The documents at issue primarily consist of communications between JP Morgan and counsel for Michaels Stores, one of the Target Companies. At the time of the communication, JP Morgan was acting as a financial advisor to Michaels Stores and was responsible for managing the bidding process by which the company would be sold. Plaintiffs contend that the attorney-client privilege was waived with respect to these communications because JP Morgan was a third party to the attorney-client relationship. JP Morgan opposes the plaintiffs’ motion, arguing that the contested documents fall within an exception to the third-party waiver rule, which extends the protection of the privilege to communications with third parties that are employed to assist lawyers in rendering legal advice.

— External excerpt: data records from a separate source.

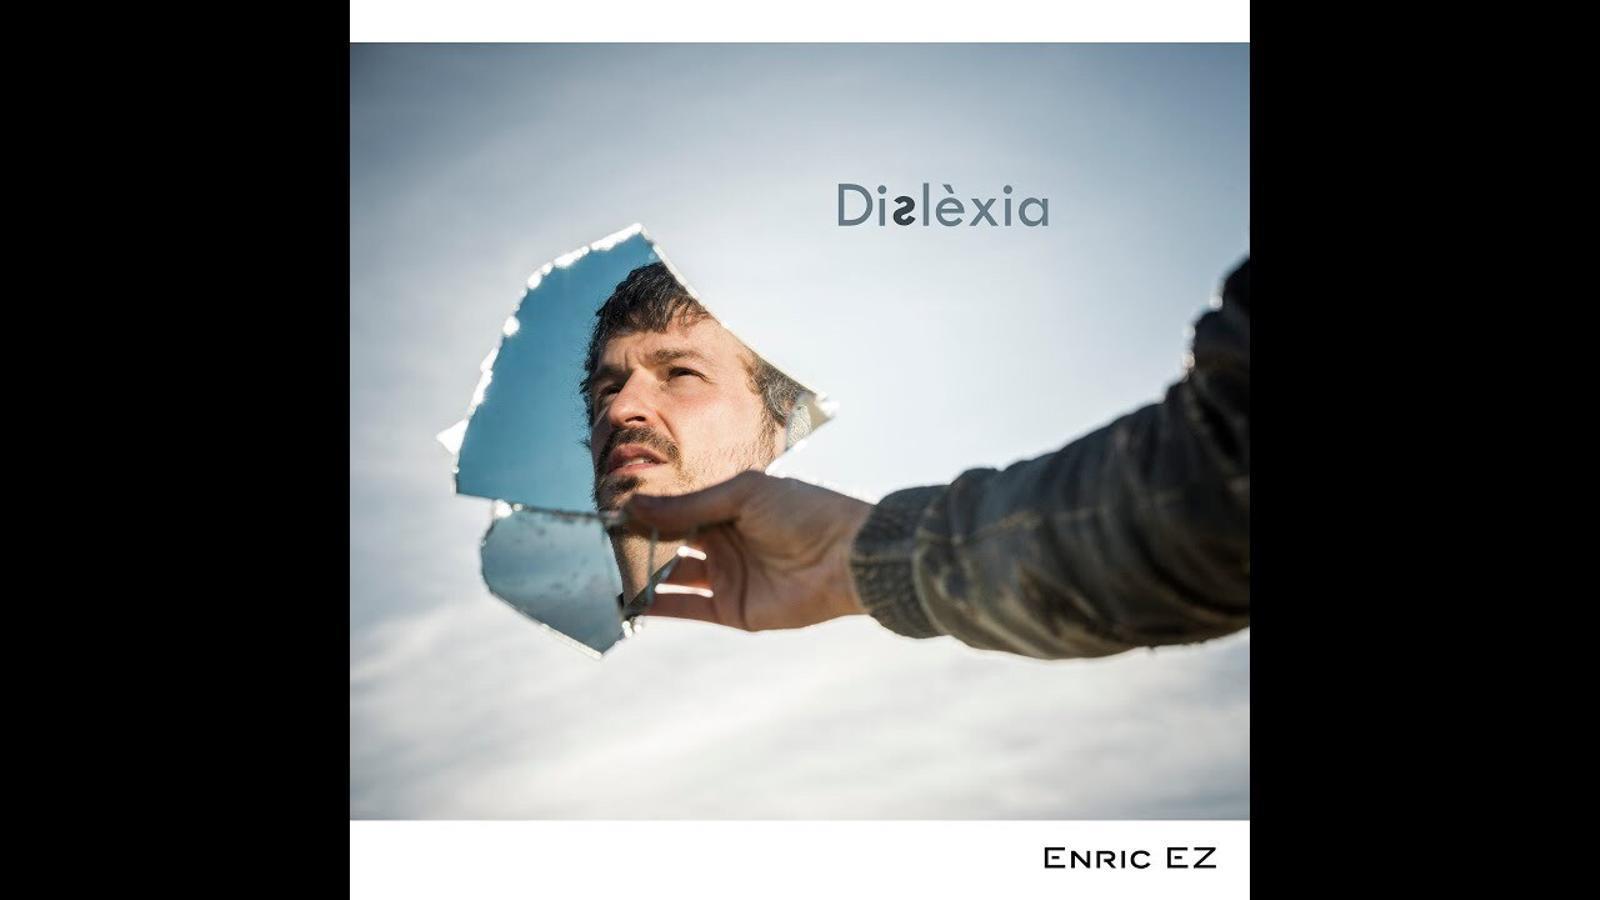 Enric EZ, 'Dislèxia', videoclip
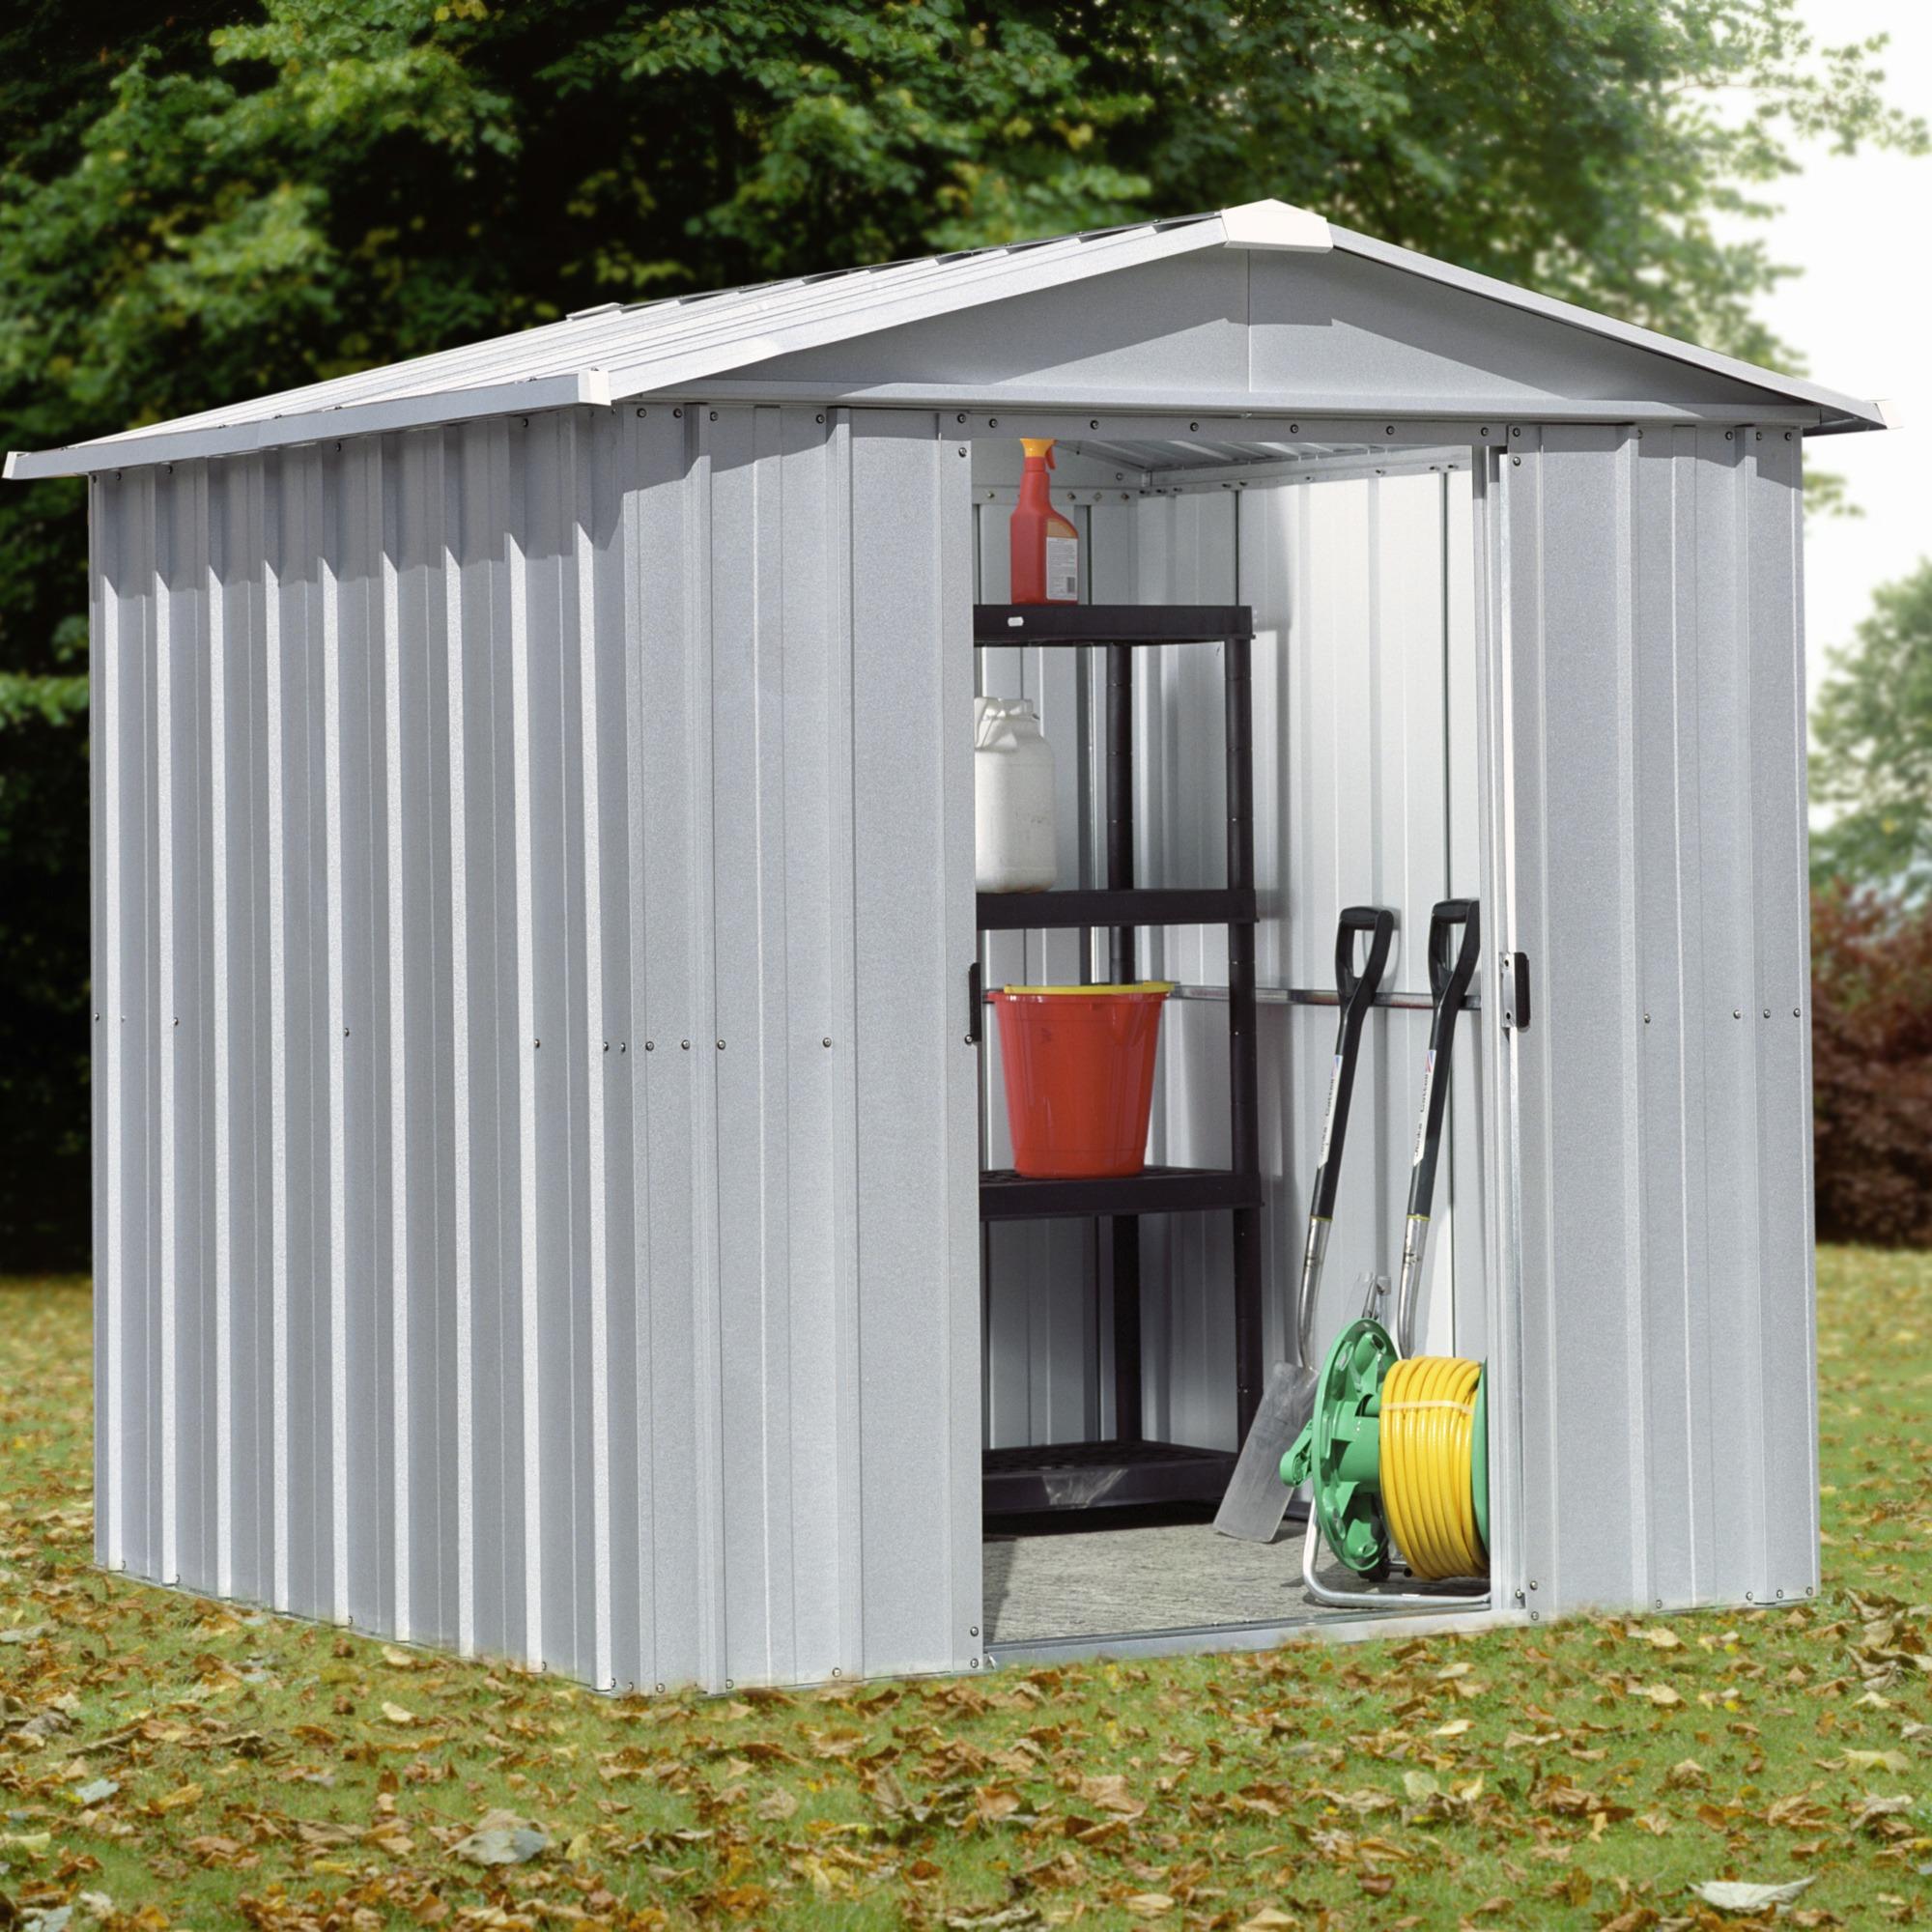 abri de jardin en acier galvanis deluxe apex 65 cabanes de jardin accessoires abris de. Black Bedroom Furniture Sets. Home Design Ideas
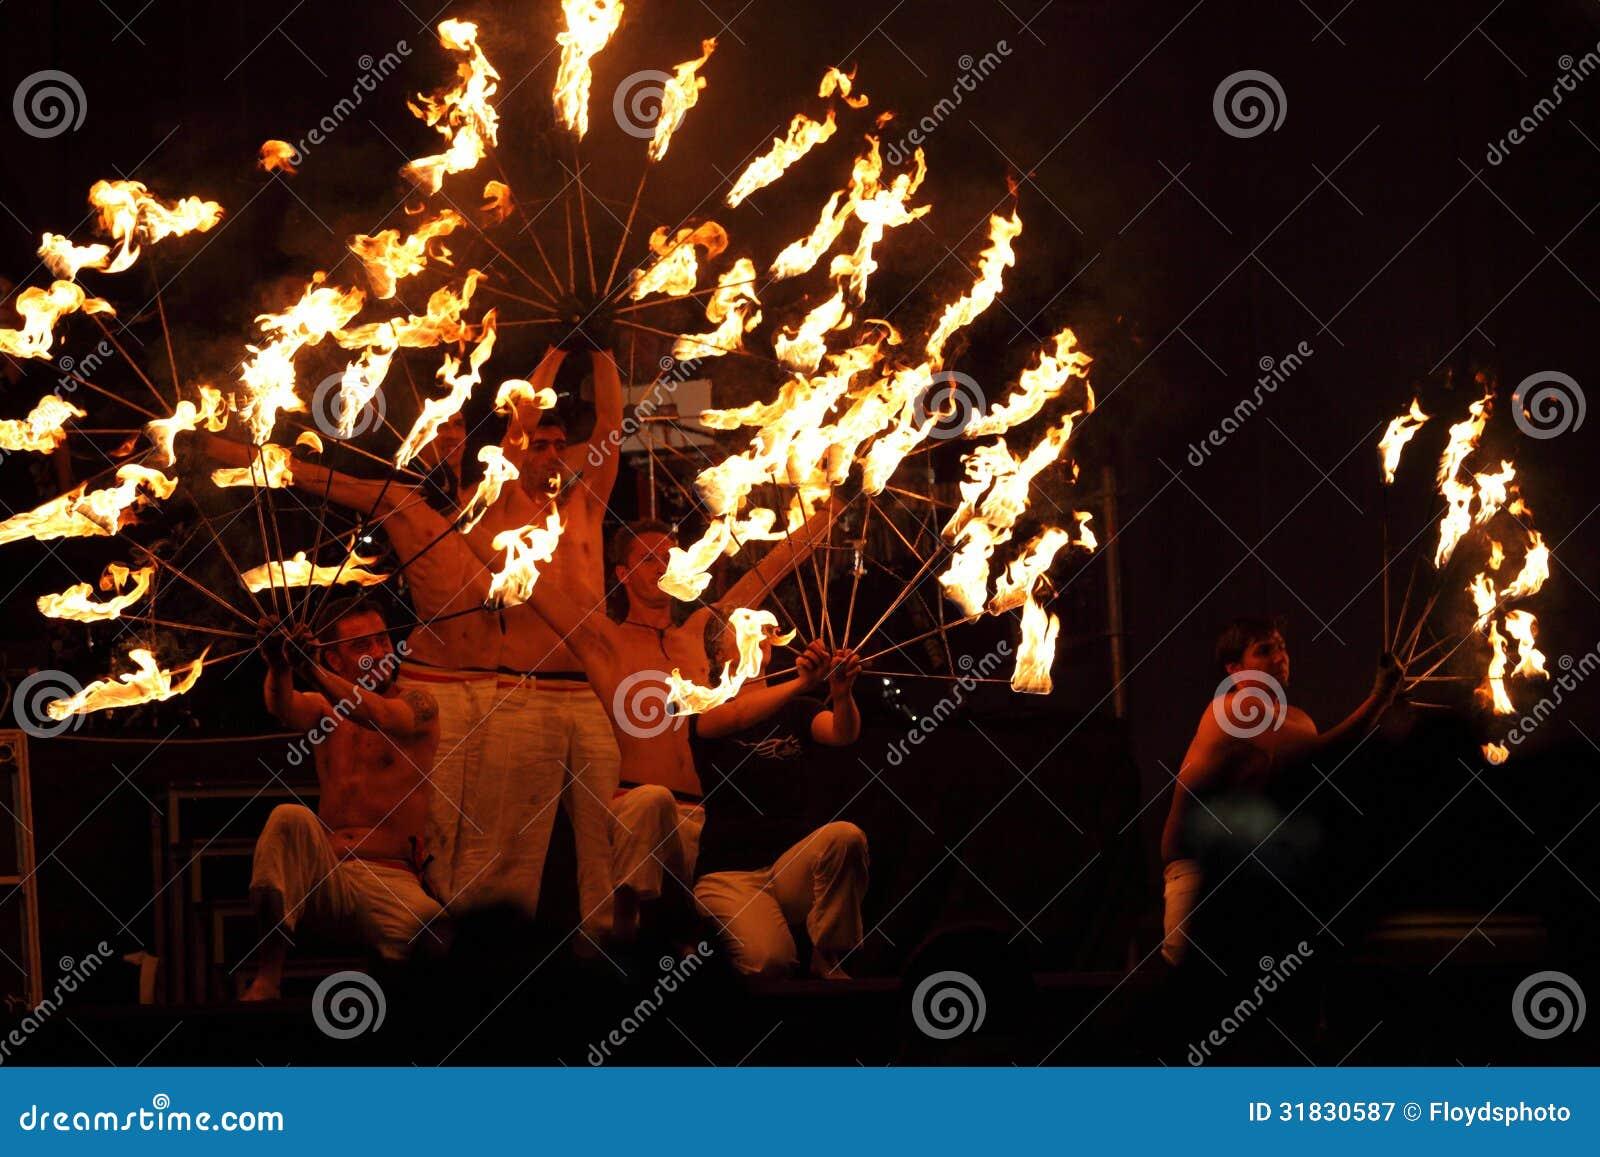 Beautiful burning torches setting

“Generally, disclosing attorney-client communications to a third party undermines the privilege.” Cavallaro v. United States, 284 F.3d 236, 246-47 (1st Cir.2002). “An exception to this general rule exists for third parties employed to assist a lawyer in rendering legal advice.” Id. at 247. The circumstances under which the exception applies are limited.

First, the third-party communications must be “necessary, or at least highly useful, for the effective consultation between the client and the lawyer which the privilege is designed to permit.” Id. at 247-48 (quoting United States v. Kovel, 296 F.2d 918, 922 (2d Cir.1961)). “[T]he ‘necessity’ element means more than just useful and convenient.” Id. at 249. “The involvement of the third party must be nearly indispensable or serve some specialized purpose in facilitating the attorney-client communications.” Id. The exception, therefore, does not apply to instances where an attorney’s ability to represent a *228 client is merely improved by the assistance of the third party. See id. (The fact that “[accountant] double-checked [lawyers’] legal advice to make sure it was consistent with the accounting records ... is not enough to show that [accountant] was necessary, or at least highly useful, in facilitating [lawyers’] provision of legal advice.”) (internal quotations omitted); United States v. Ackert, 169 F.3d 136, 139 (2d Cir.1999) (Communications found not to be privileged even though investment banker “significantly assisted the attorney in giving his client legal advice about its tax situation”).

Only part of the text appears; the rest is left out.